True Lies
Von Zeit zu Zeit bekommt man zu hören, wie die fast kostenlosen Funkchips wahre Wunder vollbringen. Sie funken problemlos aus einem Faradayschen Käfig, liegen direkt aufeinander und stören sich nicht, sie beinhalten alles was man über ein Objekt überhaupt wissen kann und will, sie benötigen keine Energie und funken über dutzende Meter, ihre Rechenkapazität grenzt an Supercomputer. Das ist nicht mal Science Fiction, weil vollkommen unwissenschaftlich.
Star Trek ist die automatische Selbstzaherkasse, wo man einfach durchgeht und alles wird automatisch identifiziert und das Geld auch gleich vom Konto abgebucht. Solche Vorführungen werden gerne mit hübschen Damen auf Messen gemacht. Das sieht gut aus, gibt auch schöne Photos und klingt echt interessant. Nachfragen über die Praxis werden mit dem Hinweise auf die technologische Weiterentwicklung abgebügelt.
Und was ist mit dem Future Store - Die Zukunft des Handels hat begonnen? Nun abgesehen vom Phantasialand-Effekt für Techniker, Vorstände und Top-Models wird hier die Verknüpfung von Einzelanwendungen neuer Technologien oder einzelnen Systemen im komplexen Zusammenspiel miteinander getestet, also Systemintegration - eine echte Herausforderung. Vielleicht hilft eine Reflexion über Kundennutzen, Transparenz und Kostenvorteilen den Future Store richtig zu werten.

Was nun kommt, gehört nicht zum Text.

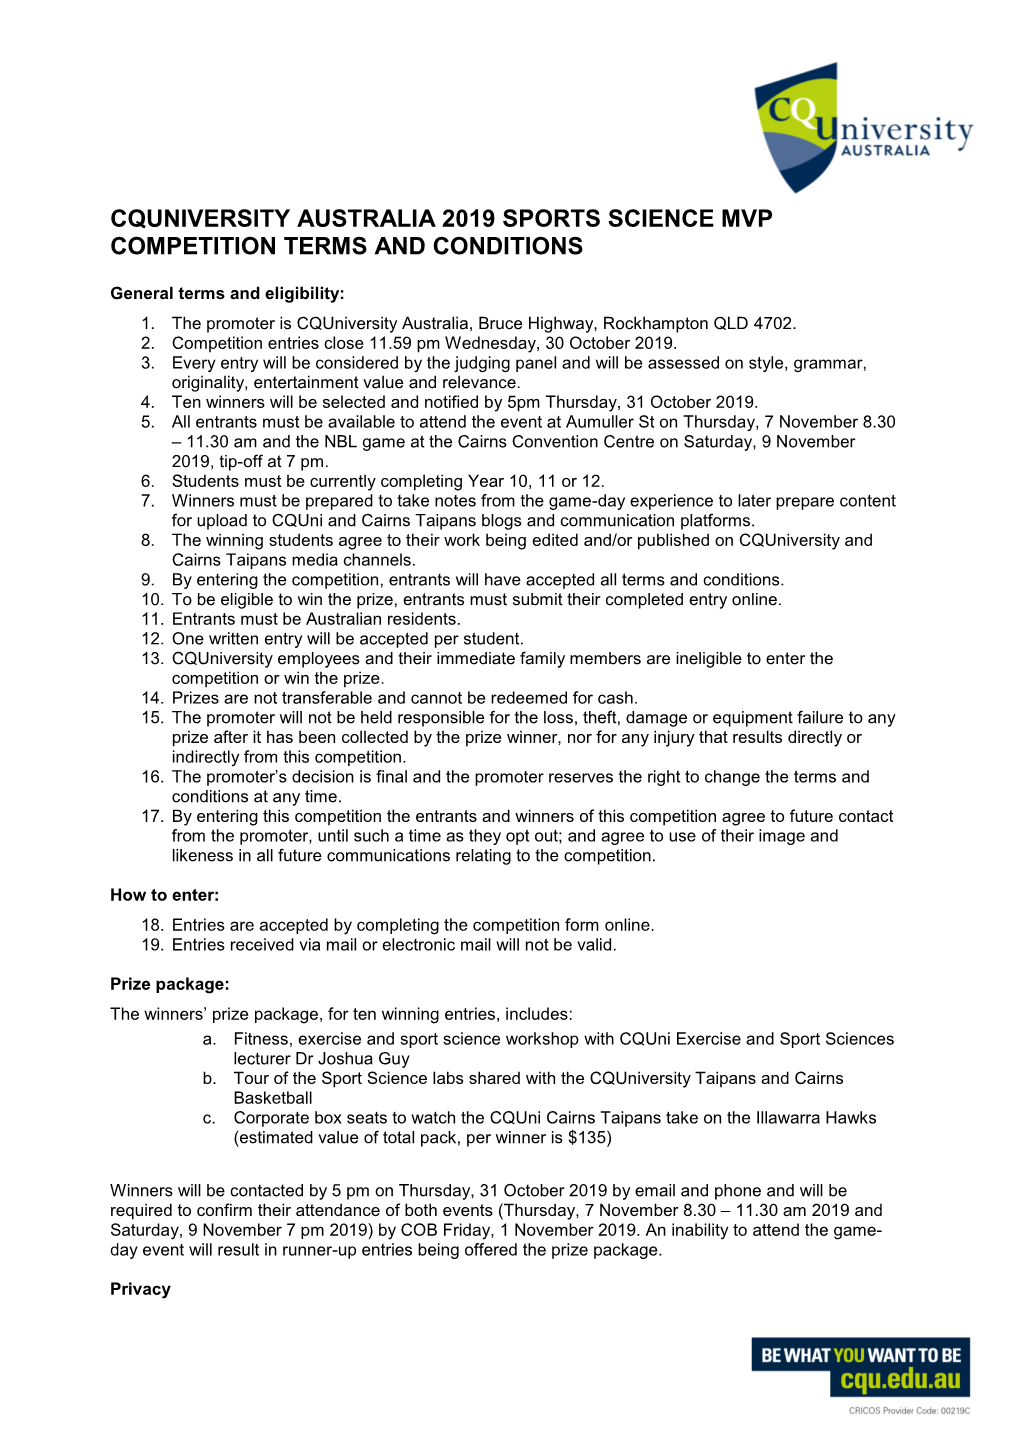 Cquniversity Australia 2019 Sports Science Mvp Competition Terms and Conditions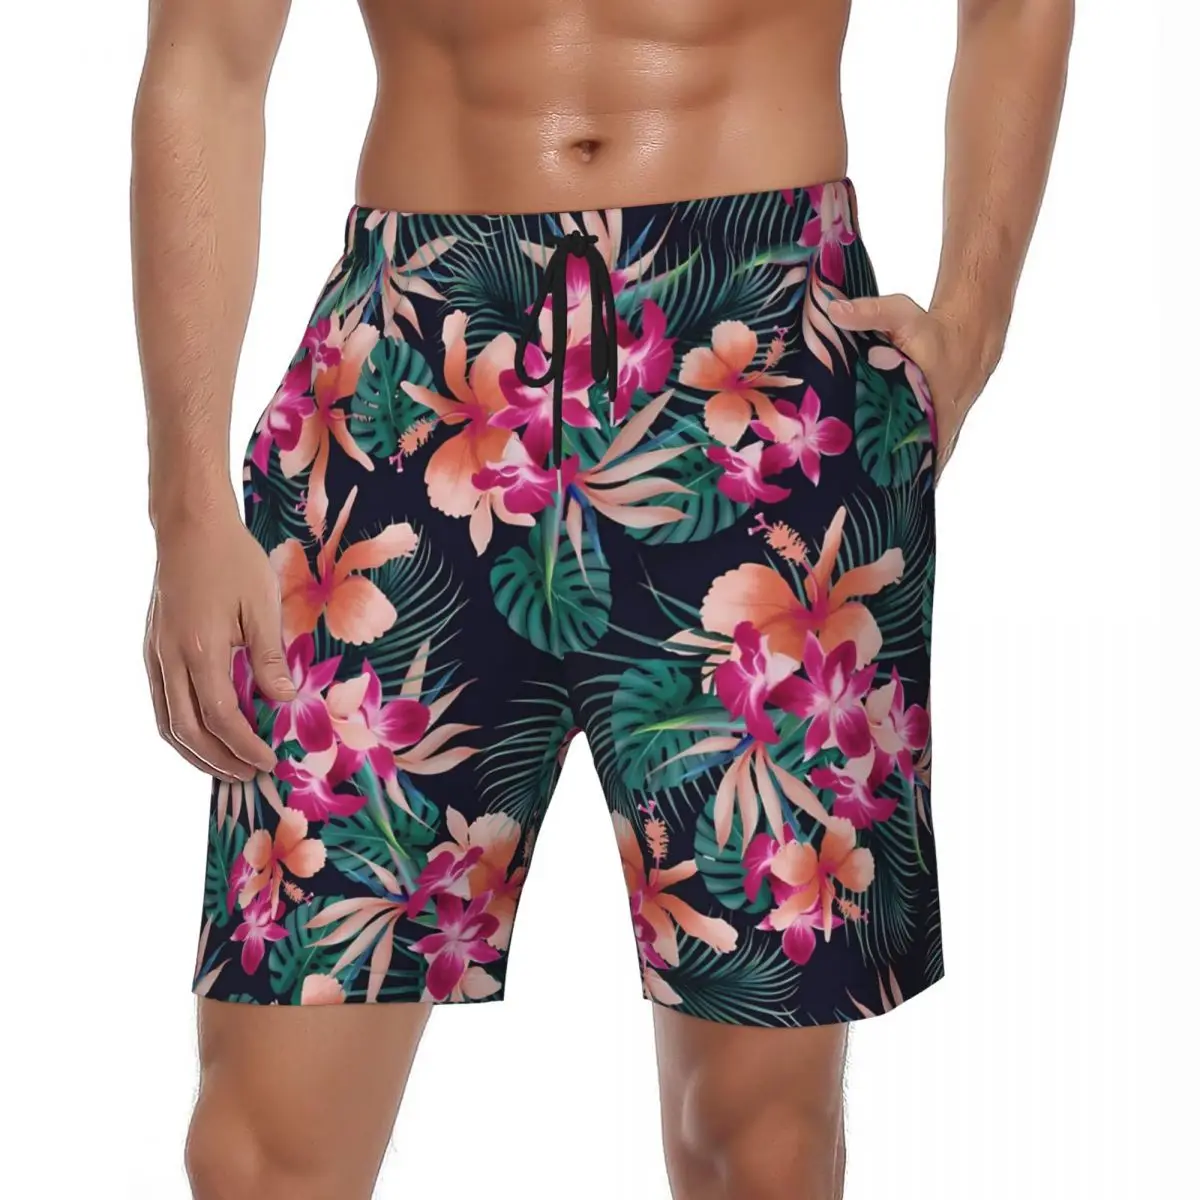 

Tropical Hawaii Gym Shorts Summer Flowers Sportswear Board Short Pants Men's Breathable Classic Printed Plus Size Beach Trunks

Und doch wird RFID die Zukunft der Händler, Hersteller und Konsumenten entscheidend prägen. Mit dem Aufkommen der sogenannten Smart Labels (hauchdünner Transponder in Folie auf 13,56 MHz-Basis) Ende der 90er Jahre, trat verstärkt die Auffassung zu Tage, dass dieses Medium sehr schnell das Ende der Barcode -Ära einläuten wird. Auch wenn der Transponder zweifelsohne gegenüber dem Barcode einige technische Vorteile bietet, so sollte die Diskussion um „die richtige“ Technik sachlicher und weniger visionär geführt werden.
Der Barcode deckt heute ca. zwei Drittel aller automatischen Identifikationsanwendungen in der Logistik ab. 2D-Barcodes mit mehr Informationen liegen im einstelligen Prozentbereich. Sicher ist, dass der Barcode noch auf Jahrzehnte bleiben wird. Etablierte Standards, vorhandene Infrastruktur und die einfache Integration in die logistischen Prozesse entlang der Supply Chain sprechen dafür. Ohnehin zeichnet sich mehr und mehr die intelligente Kopplung von unterschiedlichen Technologien als best practice ab, um sämtliche technischen Anforderungen aus dem logistischen Prozess zu erfüllen.
1855 gelang es J. C. Maxwell alle Erscheinungen zu beschreiben, bei denen elektrische und magnetische Felder miteinander verknüpft sind. Unabhängig von allen neuen Features, die in Transponder in Zukunft integriert werden, Pulklesung, Kryptochips, Chipsharing, auch noch so geniale technologische Entwicklungen können Maxwell nicht umgehen. Ach ja, Sie haben die Demonstration doch auf der letzen XYZ-Messe gesehen. Was denken sie, an wie vielen Schrauben man drehen kann, damit die Messe-Demo funktioniert? Dazu braucht man nicht Nachrichtentechnik zu studieren.